Бред. Лучше пусть это все будет бредом. Тем более, что одинокая Неспящая башня посреди степи со здоровенным красным, словно морковка, мужичищем у колоколов ничем, кроме бреда быть не может. Красный мужик с крылышками на одинокой Неспящей башне – каково, а?
Если меня лечили после ранения, то скорее всего посредством веселящих грибов. Пробовал я их как–то. Очень похоже... Только тогда была не косуля. М–да. Ладно, не буду вспоминать, и так хреново.
Когда я открыл глаза, знакомый и успокаивающий свет утреннего Меара ласкал мое обнаженное тело. Пересвет я пропустил. И с Тури снова не увиделся... а жаль. Зато настырный пенек оказался тут как тут. Вытаращился на меня своими похожими на две смородины гляделками и нагло осведомился:
– Ты кто?
– Джерх в балахоне! – огрызнулся я. – Лучше бы сказал «Доброе утро»...
– Доброе утро, – послушно поздоровался Корняга.
«Не кипи, Моран, – сказал я себе как мог мягко и вкрадчиво. – Если бы пень сразу сказал тебе «Доброе утро», ты решил бы, что он издевается. И...»
Что «и» я придумывать не стал, но точно знаю, что Корняге это не понравилось бы.
– Я должен немедленно сообщить тебе нечто важное, – Корняга даже стал выше росточком и растопырил руки–корешки, словно глашатай перед объявлением казни.
– Важное? – усомнился я. – Ты всего–навсего деревяшка. Что ты можешь знать важного, да еще интересного мне?
Я действительно считал его никчемной пустоголовой... гм! деревяшкой. Кстати, на самом деле интересно – что у него в голове? Некая чернота в дупле под глазами у Корняги наблюдалась, и мясо туда летело, как в прорву. Хорошее деревце, Смутные дни!

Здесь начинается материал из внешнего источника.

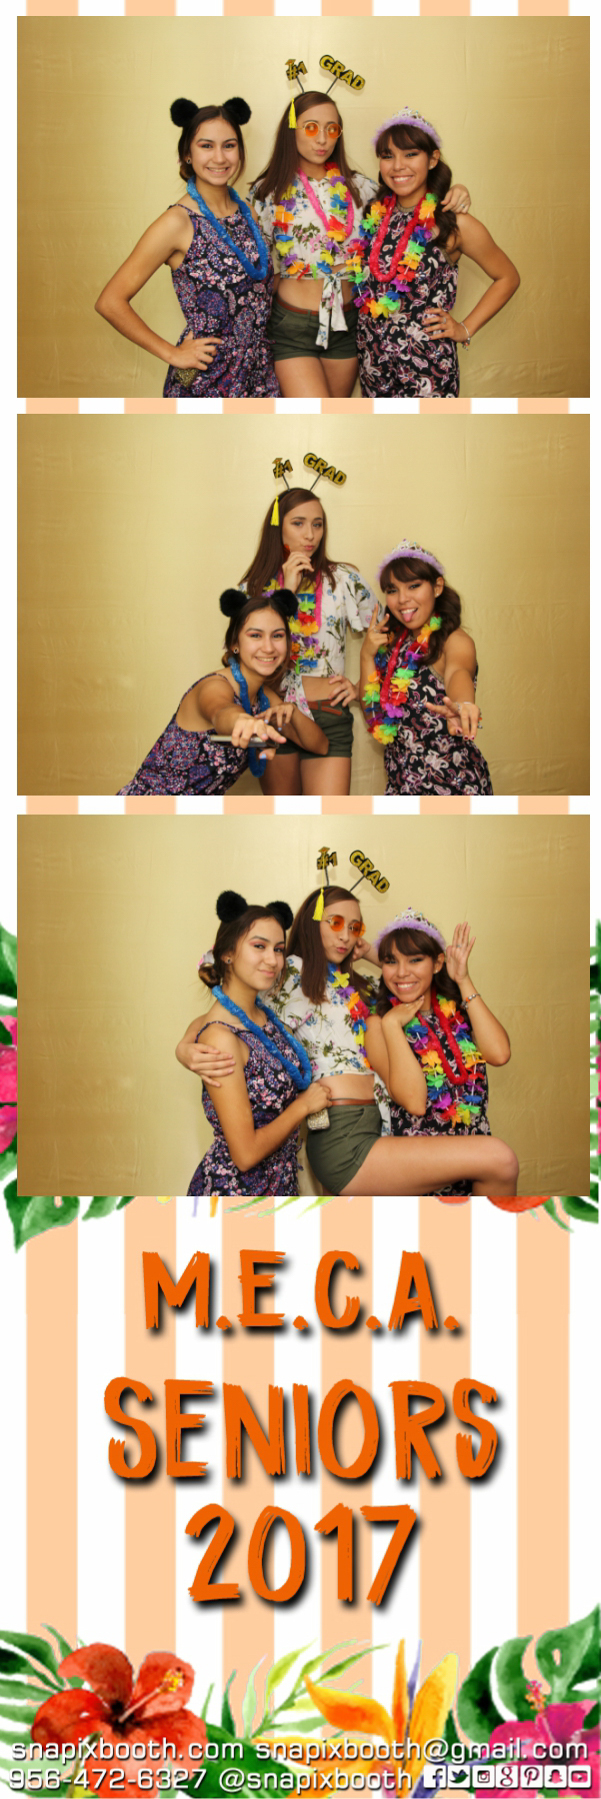 MECA Senior Party 2017
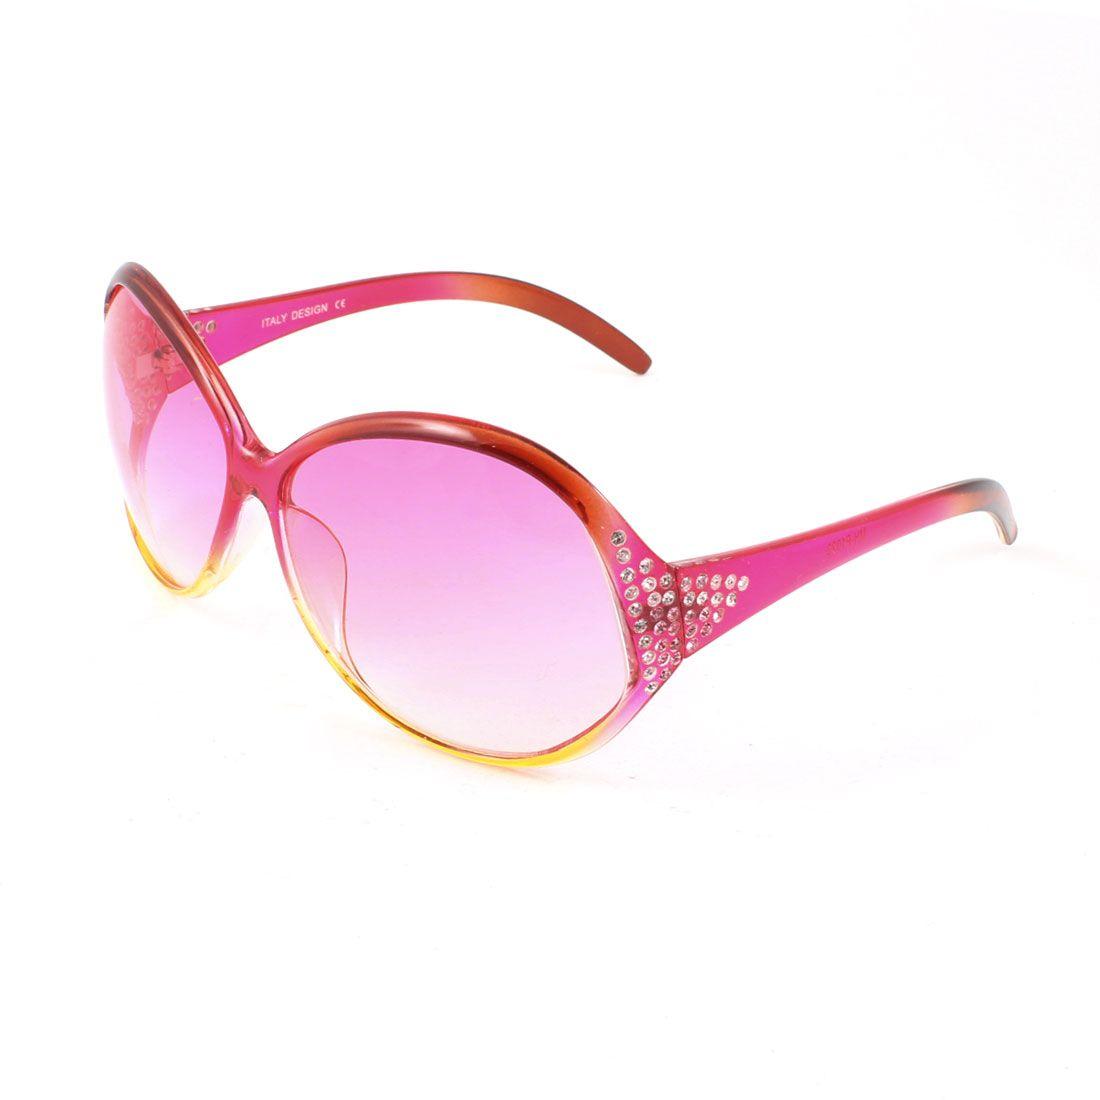 Glasses Frames With Rhinestones ... Faux Rhinestone ...

– Госпожа Тури передала кое–что для своего спутника! То есть, для тебя. И если бы не я...
– Понял, – оборвал я разглагольствования Корняги. – Что она передала?
Пень надулся и с невыносимо важным видом начал:
– На пути к У–Наринне мы непременно должны разбудить пять стихий: воду, огонь, землю, воздух и железо. Если мы не пройдем все пять вех, то стражи Каменного леса нас не признают и не пропустят. Я знаю от хоринга, что воздух Одинец разбудил еще в Запретном городе. Веху воды мы тоже уже миновали. Осталось три стихии: земля, железо и огонь.
Пень умолк и вопросительно уставился на меня, словно ожидал, что я запущу в него сапогом. Но я не запустил. Я просто надел сапог. А в курткоштаны я облачился во время его трепотни.
– Это все? – на всякий случай уточнил я.
– Почти. Еще госпожа велела передать, что очень вас любит, и просит, чтоб со мной обращались получше, кормили вовремя...
– Пень, – сказал я с выражением. – Не свисти. Живо у меня... стихию огня разбудишь, понял?
Корняга умолк, как таракан под каблуком. Боится, деревяшка! А раз так – значит, и уважать будет.
Поверх двумеха обнаружился холодный окорок, завернутый в увядший лист поники – видать, от вчерашней косули. Очень, надо сказать, кстати, потому что есть мне хотелось просто зверски. Как вулху. Или даже сильнее. И я приналег на мясо, закусывая пряными корешками (пробовал их не раз, а названия до сих пор не знаю). Пень с завистью глядел на меня, и я сжалился, поделился. Все–таки весть передал, хоть и наврать норовил с три короба.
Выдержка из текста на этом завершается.